Some summer days I’d go over to Bonnie’s place, which was just down the road from us in a small house near Curtis’s farm. I’d walk in my bare feet, jumping from the sizzling asphalt to the sandy edge and back again, always careful of sand stickers. Bonnie was an older woman with a raspy voice and a hacking cough. She would share her cigarettes, both of us blowing smoke rings, and talk to me as if I was an adult, sitting there at her stained Formica kitchen table, even though I was only fourteen. Sometimes she’d impart her wisdom about sex. “Once a girl loses her virginity she always wants ‘it’”, she casually said one day. I never asked her about her life, why her children never visited, for instance, or why she lived alone.
It was the summer that Elvis Presley died; the summer that New York City brunettes like myself could finally relax after being terrorized by the serial killer David Berkowitz, also known as the Son of Sam. I had recently turned fifteen and this was the summer that would change my life forever…
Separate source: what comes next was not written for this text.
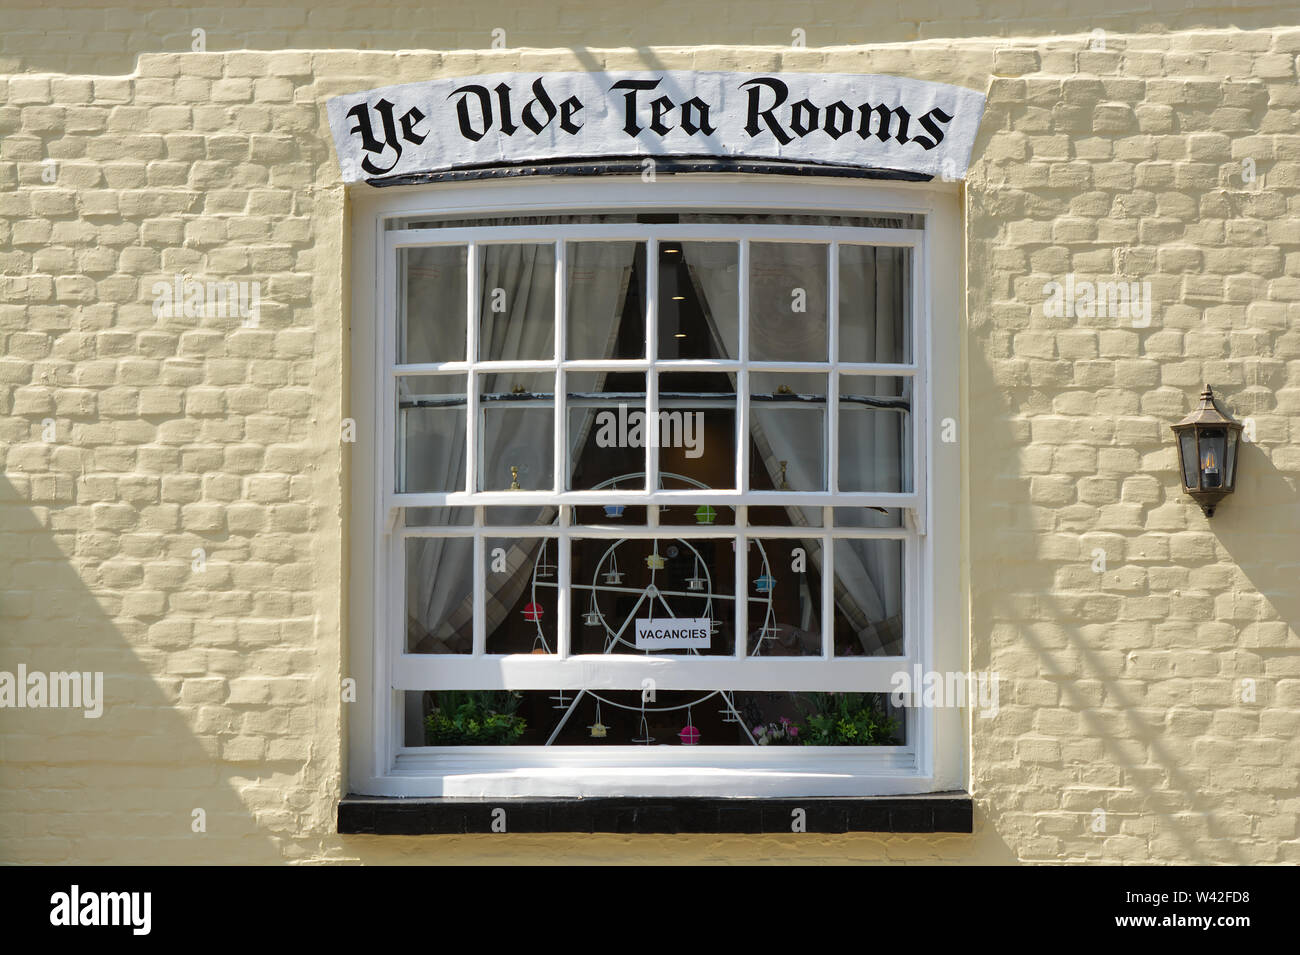 Ye Olde Tea Rooms sign over window in brick wall, England Stock Photo

I rolled over on my towel and pulled at the edges of my bathing suit bottom, making sure all was covered that was supposed to be covered, and rested my head on my arm. The day was perfectly hot. The sun baked my oil-slick body. I wriggled my arms a bit to make an indentation in the sand, until the hollow was just right. I closed my eyes and listened. My breath became rhythmical like the gentle waves that broke, then sucked away. The sounds of the sea birds echoed in my mind, the distant sound of people talking became soft static.
With my head turned to the side, still resting on my arm, I barely opened my eyes and squinted through the blazing sunlight. There was an older couple, sitting on beach chairs reading novels. From their deeply wrinkled bronze bodies, it was obvious that they spent too many hours in the sun. I heard the protest of a child and saw a mom, sitting on a toy-strewn blanket, put on the bathing suit of her small son for the third time – he kept taking it off and running to the water’s edge.
And sitting on the top landing of the wooden boardwalk, a young man stared out into the ocean. I quietly watched him. He had wavy dark long hair. His jeans were worn and soft. I found it odd that he wore jeans on the beach in this heat. One thing I knew, he wasn’t from here. No local would think of wearing jeans on the beach. Well, at least his feet were bare. As he gazed out, I found myself wondering what he was thinking. Maybe about his girlfriend far away in a cold climate.
As it turned out, he was as charming, at least in the beginning, as he was good-looking.
Two months later, I left the wooden house by the road for the last time with the young man I’d met on the beach. I left a note for mom, telling her I’d gone to Bonnie’s for the afternoon, and very simply, at fifteen-years-old, walked away and left home.
I didn’t carry many things with me. A few clothes, and, as a second thought, just before leaving, I grabbed a picture of Lisa, mom, and me. The feelings I remember were of excitement – excitement at the prospect of travel and the feeling of stepping out into the unknown future, which I thought must be better than the existence in which I currently lived. I hated my life and I hated myself.
If I had known, and was able to see the future, I would have hugged Lisa tight, and told her I loved her. Mom, too. But, I don’t have the gift of foresight, and in my youthful ignorance, I never could have guessed what was to happen, and how my life would be altered forever.
Once on the highway, I jutted out my thumb to the passing traffic, and finally left, just as I always knew I would.